Oh.  Wasn't sure, since I'd explained the double post. I get it. 

Welcome back from the beach!

Betsy


----------



## JumpingShip (Jun 3, 2010)

Thanks everyone! I just up for notifications. I'm also crying as I see all the great deals I missed.


----------



## 68564 (Mar 17, 2013)

MaryMcDonald said:


> Thanks everyone! I just up for notifications. I'm also crying as I see all the great deals I missed.


Just wait until you get a text saying an awesome deal is coming up, but there is no way you can get to your fire to purchase it in time. Or worse is when an awesome deal comes up, and you try to claim it, just to find out it sold out in seconds. Or you get an error adding it to your cart and before you can get that resolved, the deal is sold out. 

Soon you may wish you did not know about these deals.


----------



## The Hooded Claw (Oct 12, 2009)

VydorScope said:


> Just wait until you get a text saying an awesome deal is coming up, but there is no way you can get to your fire to purchase it in time.
> 
> Soon you may wish you did not know about these deals.

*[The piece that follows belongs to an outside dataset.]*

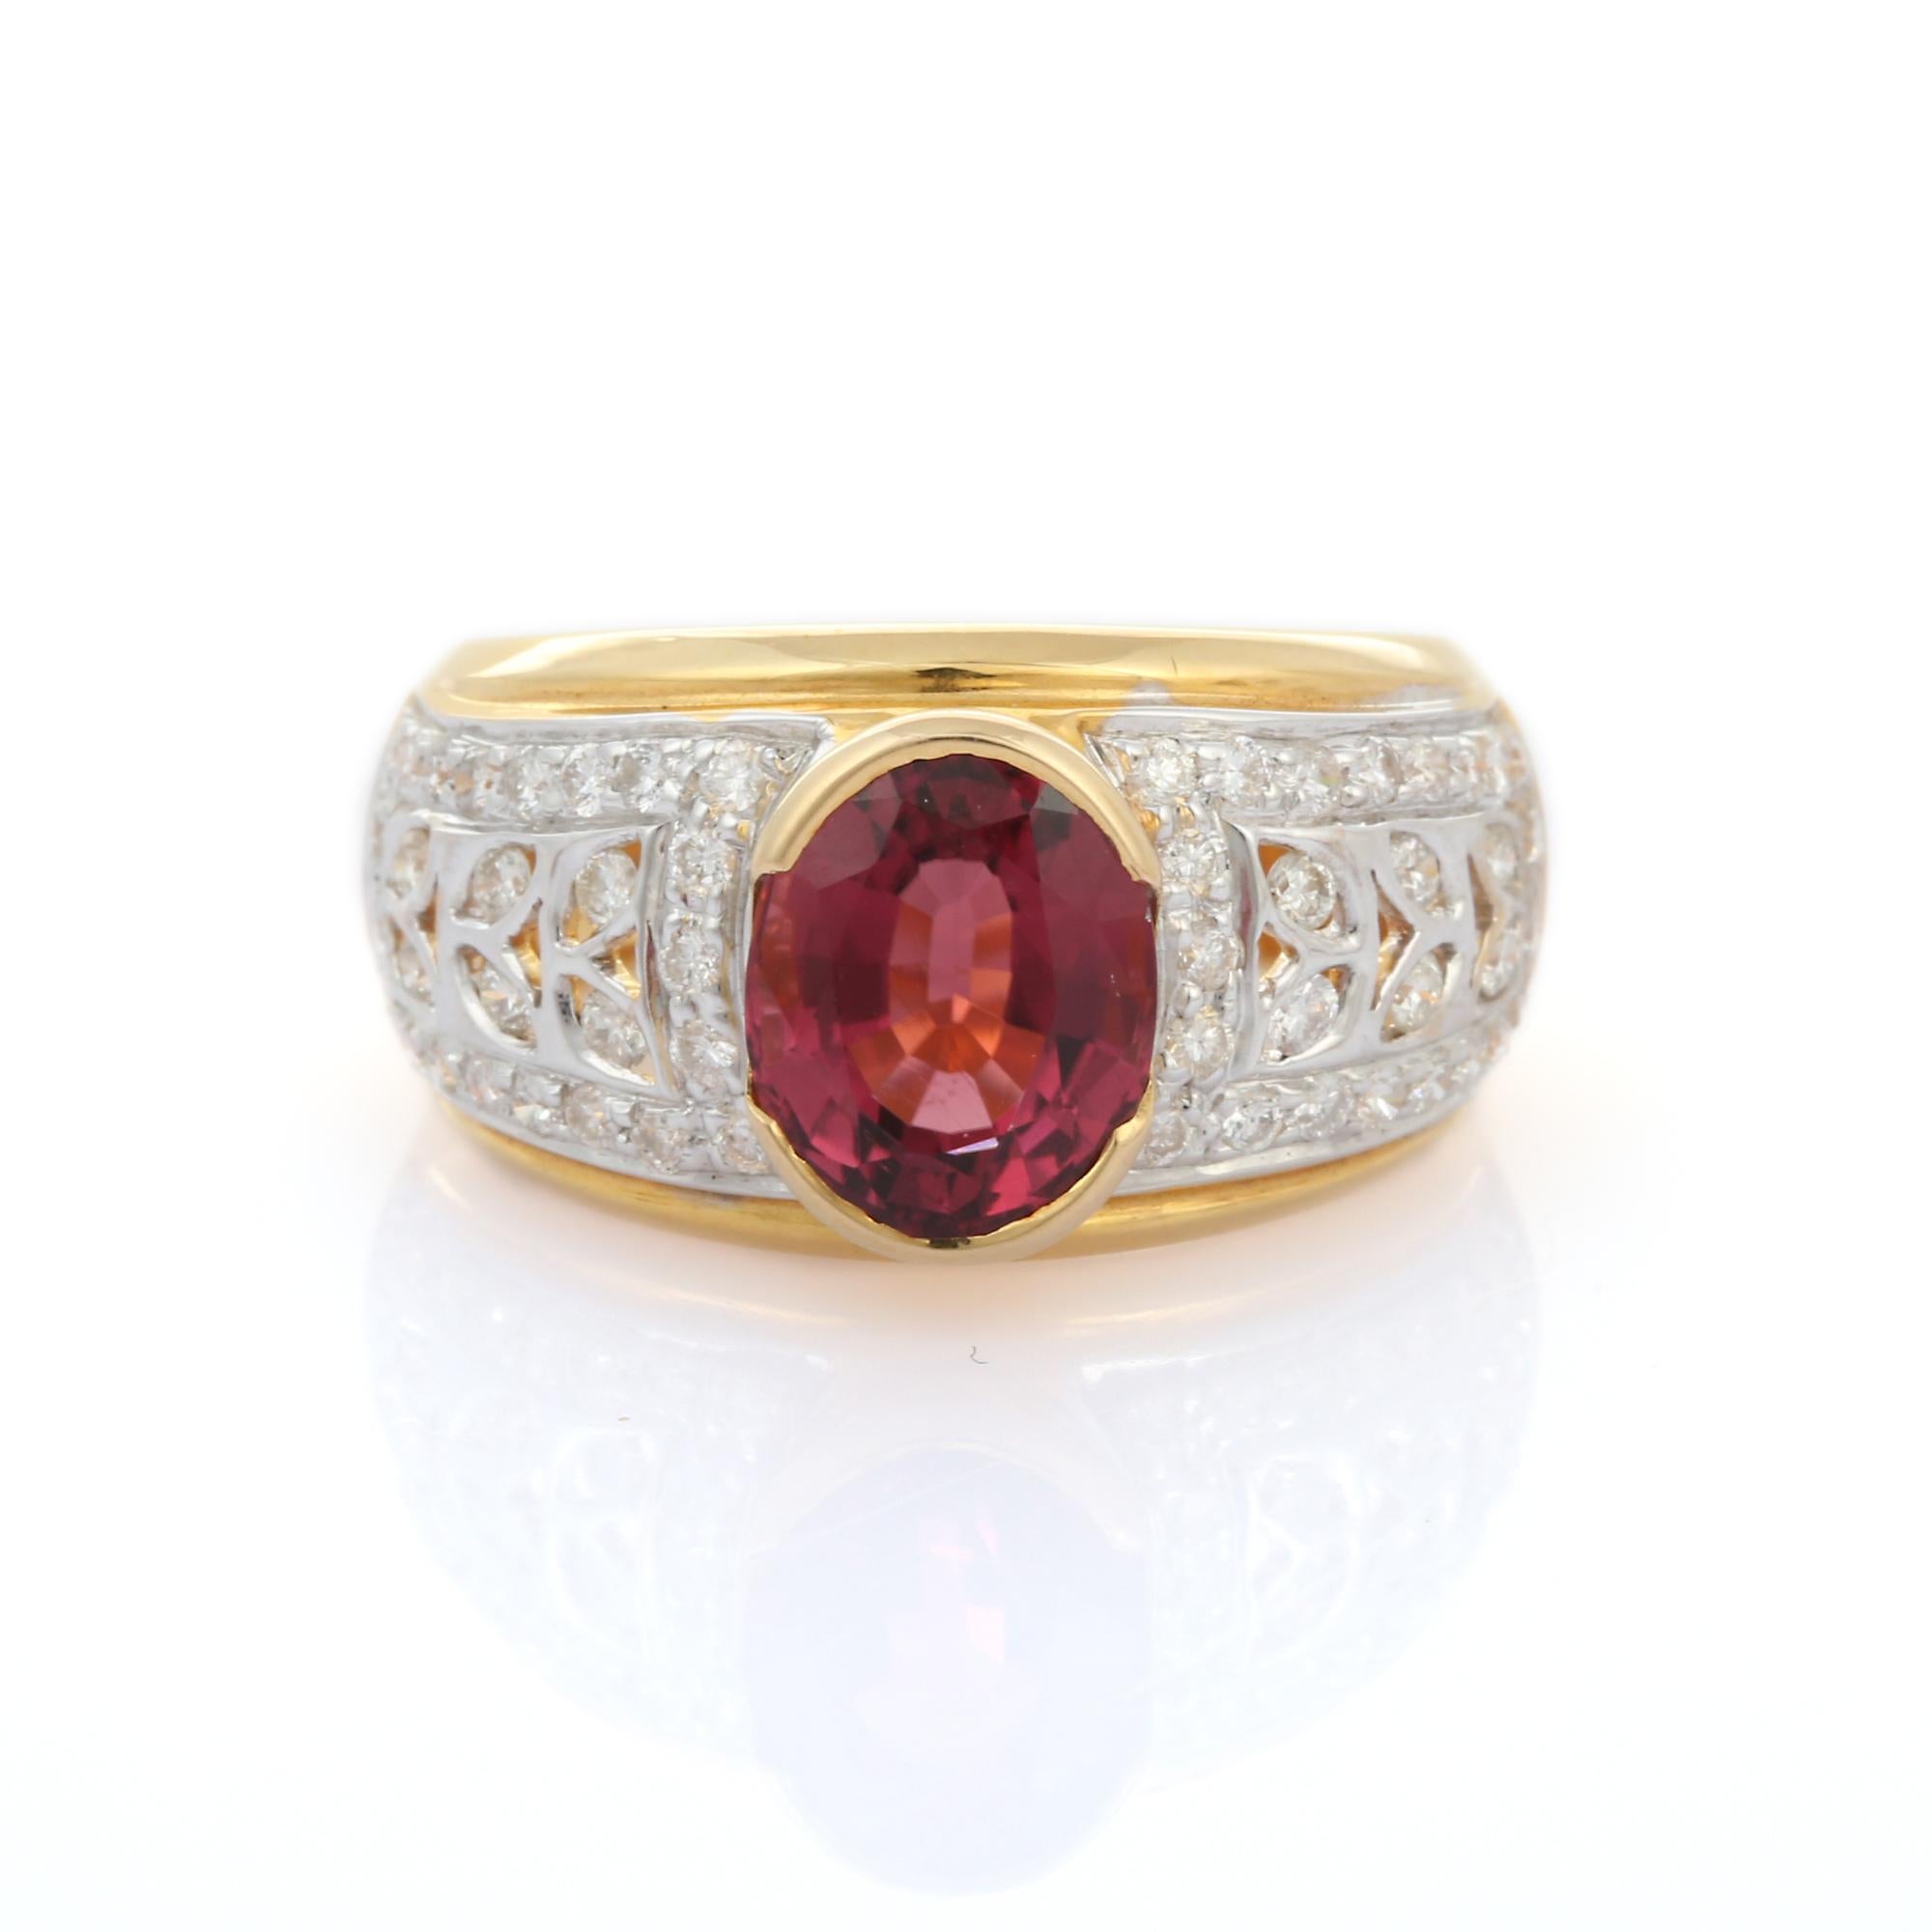 For Sale:  Vivid Oval Cut Ruby and Diamond Cocktail Ring in 18K Yellow Gold 6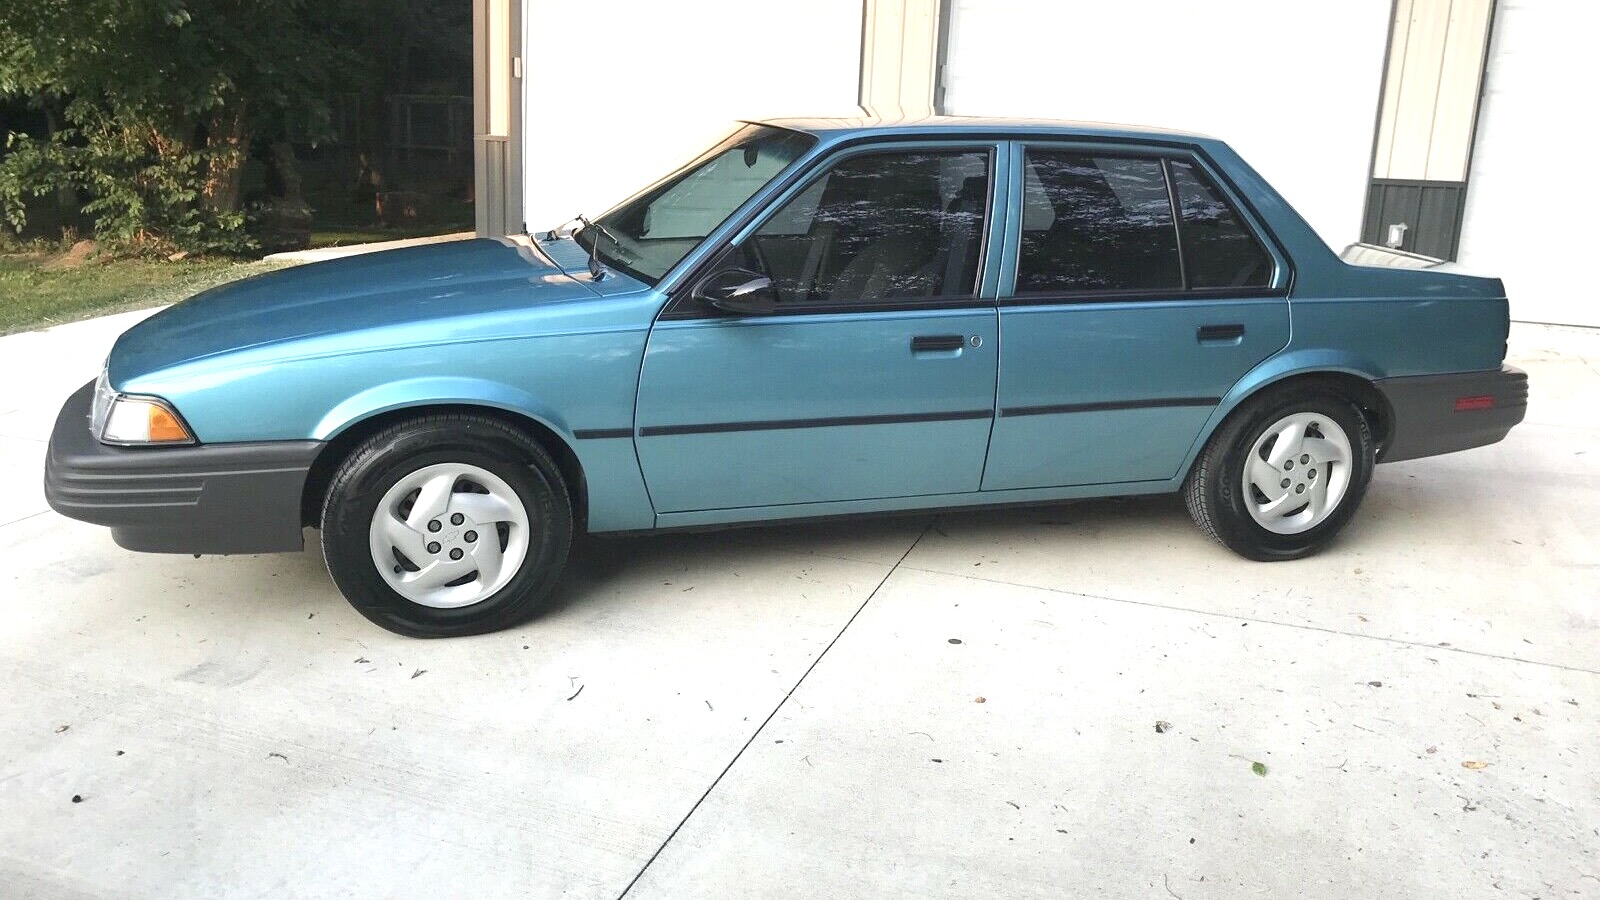 Once an invisible econobox, today, this '94 Chevy Cavalier turns heads - Autoblog

I had this happen when I was traveling in another state without my Fire. Augh!


----------



## KindleGirl (Nov 11, 2008)

We got our Chromebook on Monday and love it! We have various other computers around the house so this one works out great to just basically surf the web. My teenage boys have to turn in their ipads to school over the summer, so this is great for them. I'm glad I got in on this good deal! Figured it would be tough to get so I wasn't holding my breath.


----------